The wide range of upstage rates and variable imaging techniques reported in the literature has led to different practice patterns. The reported low rate of upgrade to a malignancy with non-suspicious findings on mammography has led to the consideration of conservative management with radiographic follow-up [10, 11, 26]. Other groups support observation if they meet criteria of size < 1–2 cm, radiology-pathology concordance, no associated high-risk lesions, and not clinically palpable [12, 27]. In addition to meeting these criteria, others favor observation if able to obtain at least 6–12 core specimens using at least an 11-gauge needle [8, 12, 27, 28]. Most malignant neoplasms found on surgical excision that are associated with RS diagnosed by core biopsy are low nuclear grade or histologic grade 1 or 2 [7, 14, 25]. Our series was consistent with this finding with the exception of one patient who had high grade ductal carcinoma in situ (DCIS).

Study limitations included a single institution cohort and inherent bias due to retrospective study design. A number of patients were excluded for various reasons, which may have biased our results. Other potential predictive factors, such as radiologic characteristics and number of specimens obtained per core biopsy were not evaluated.

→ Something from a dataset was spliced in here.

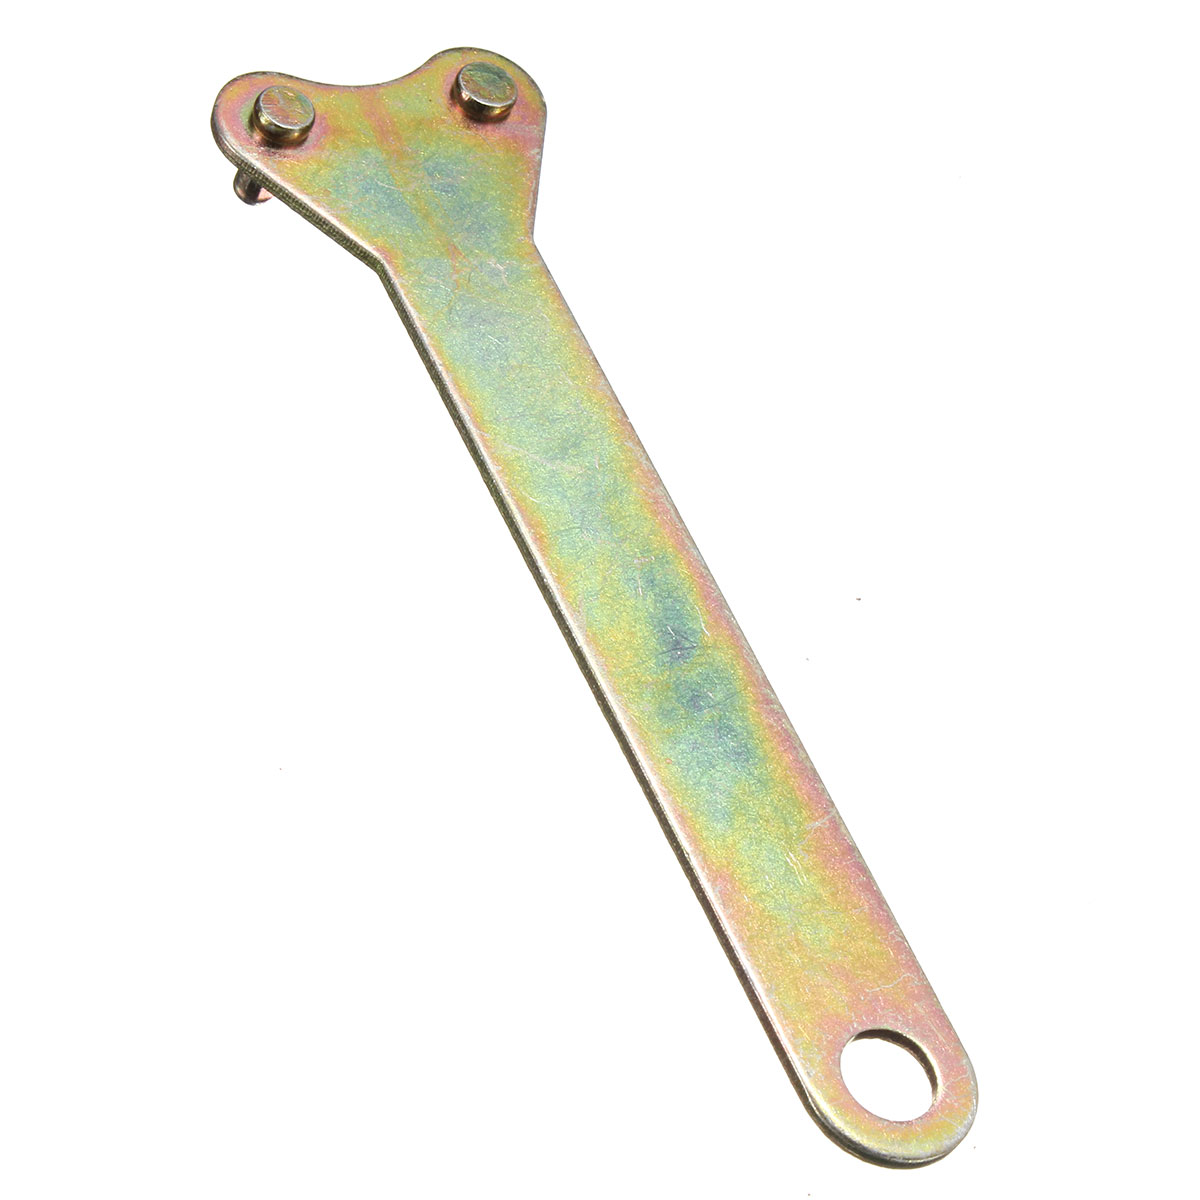 20mm-Metal-Angle-Grinder-Key-Flanged-Wrench-Spanner-1142784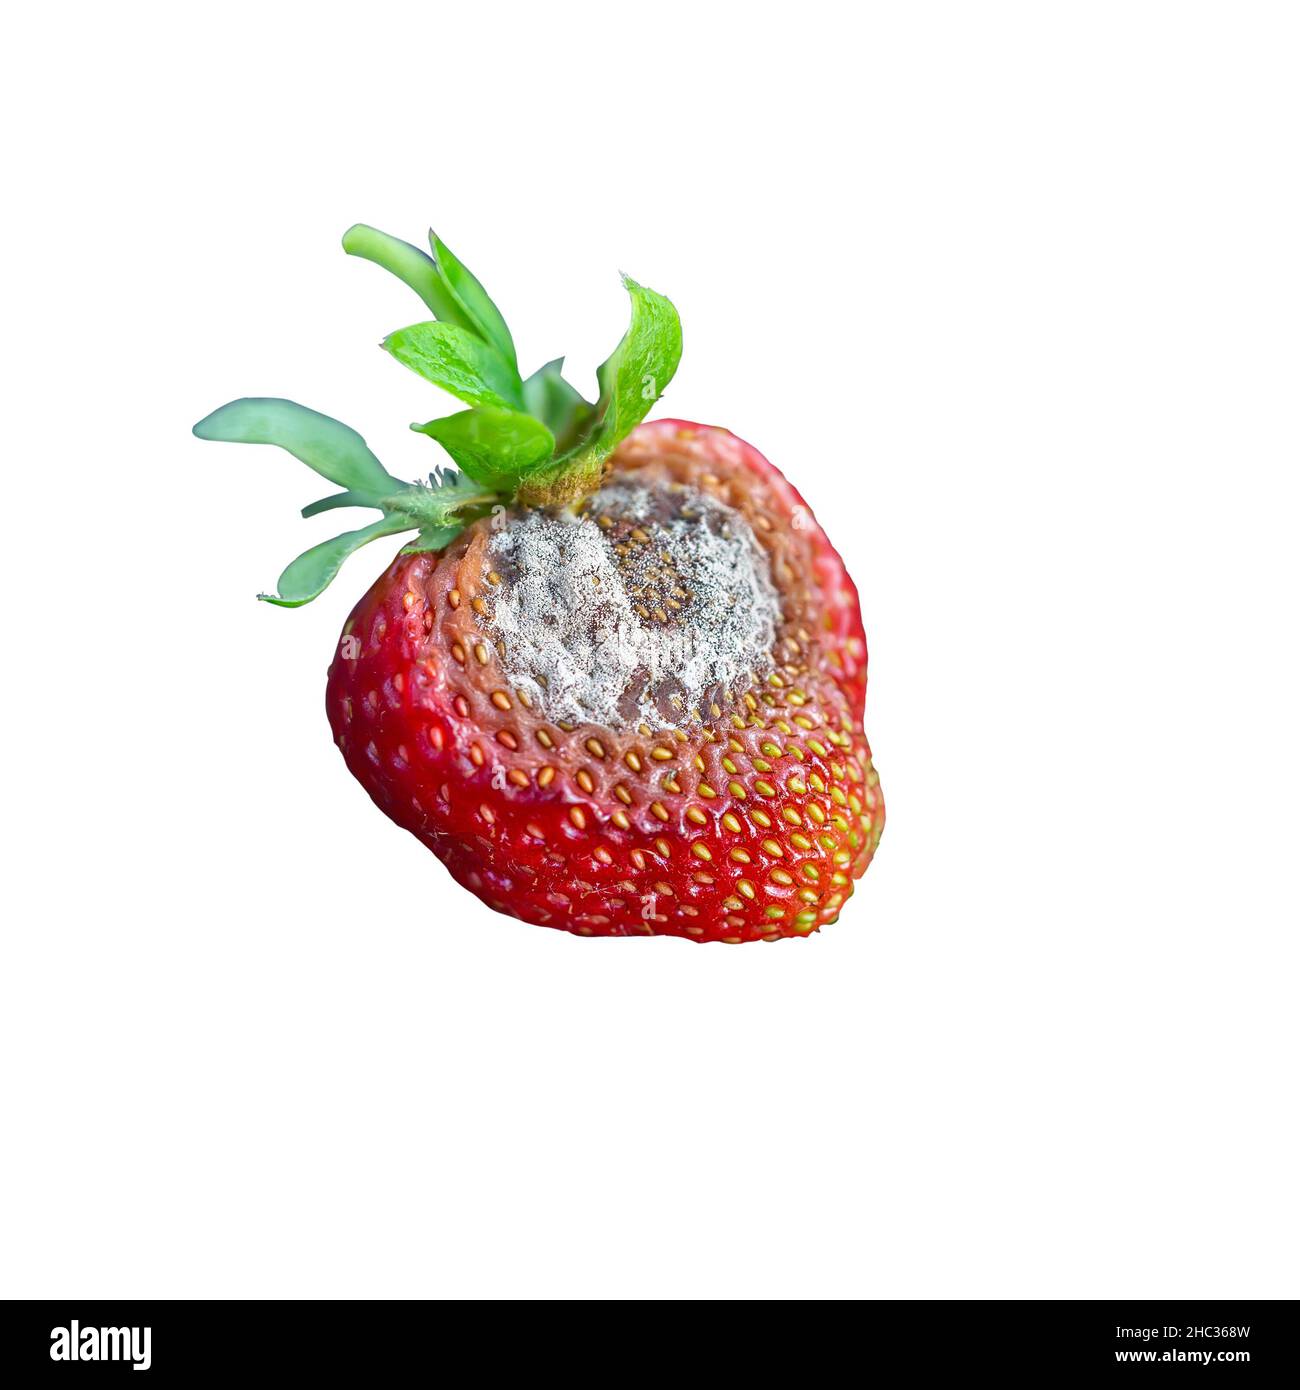 Strawberry berry with rot. rotten fruit. Fungal diseases of fruits and other products. Isolated on a white background. Stock Photo

The rate of identifying RS by core biopsy increased with DBT imaging compared to the rate with standard digital mammographic imaging, but the rates of identifying malignant neoplasm and high-risk lesions were not statistically different. Because our results showed that nearly one in five patients with radial scars by core biopsy with DBT imaging had a high-risk lesion confirmed surgically, we advocate that follow-up care should be commensurate with current guidelines and include discussion of chemoprevention. In our practice, we support excisional biopsy in the setting of RS identified by core biopsy.

Conclusion

Although the likelihood of identifying radial scars diagnosed by core biopsy has increased since the introduction of DBT imaging, the rates of identifying malignant neoplasms or high-risk lesions have remained stable. Given an upgrade rate to high-risk lesions of 22%, excisional biopsy of RS should be considered as these patients may benefit from chemoprevention and additional surveillance.